И словно в подтверждение этих слов раздалось какое-то негромкое фоновое бормотание - то ли речитатив, то ли вправду пение.
-- Подожди! - крикнул Максим. - Ты спроси у него: где он Борьку видел? Слышишь? Сейчас спроси: где видел?
-- Ты тоже, что ль, двинулся? В пьяном кошмаре, где еще.
-- Спроси!
В трубке недоуменно хмыкнули, а фоновое бормотание усилилось, и Максиму явно послышалось, что кто-то тянет "Боже, царя храни...". Он потряс головой, пытаясь восстановить сознание в его нормальном виде.
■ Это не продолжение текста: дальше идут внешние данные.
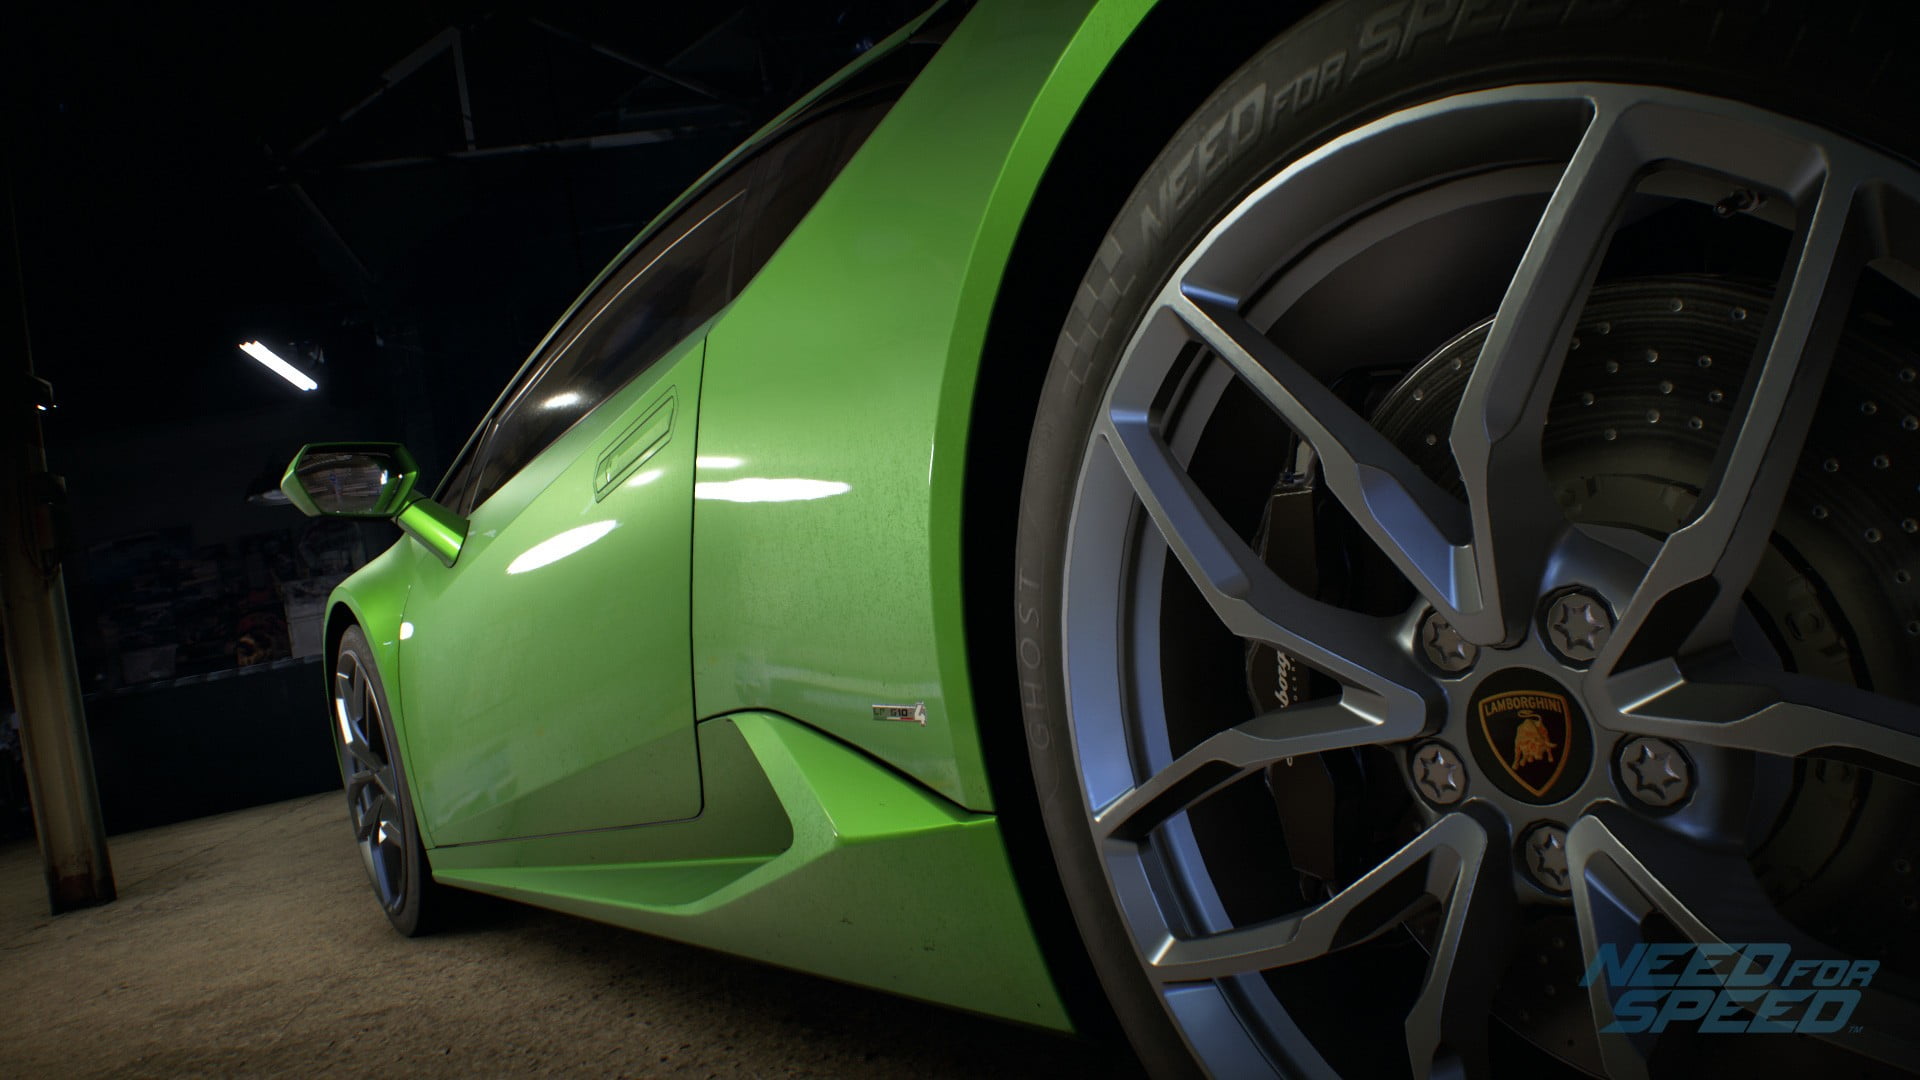 Green Need For Speed Coupe Need For Speed Lamborghini Car Hd Wallpaper Wallpaper Flare

-- На Динамо, - наконец сказал Сергей.
Максим сплюнул от разочарования.
-- Знаю, помню, что на Динамо. Где?
-- Где, Толян?.. А... На углу, говорит, где заезд на Театральную аллею... А ты чего, Макс? Нарыл чего?
Фоновое бормотание перешло в громовой хохот, который утопил последние Сергеевы слова.
-- Езжайте в баню, - сказал Максим, досадливо поморщившись. Имей дело с пьяными придурками... - Я потом подъеду.
-- А ты куда сейчас? Домой?
-- Подъеду, говорю! До связи.
-- Домой?.. Скажи, домой?..
Максим на середине фразы нажал кнопку отключения, швырнул трубку на подоконник и заметался по кухне, хлопая себя по карманам.
-- Да сядь ты! - рявкнула Наталья, разводя в изумлении руками. - Что ж шебутной-то такой... Посуду поломаешь, сядь!
Максим послушно сел.
-- Чаю выпей, - подсказала Наталья. - Охолонь. Чего метаться, уж пятнадцать лет прошло. Тут метайся, не метайся...
-- Телефон, - сказал Максим отрывисто. - Есть зарядка?
-- Есть какая-то... Только у меня ж от своего...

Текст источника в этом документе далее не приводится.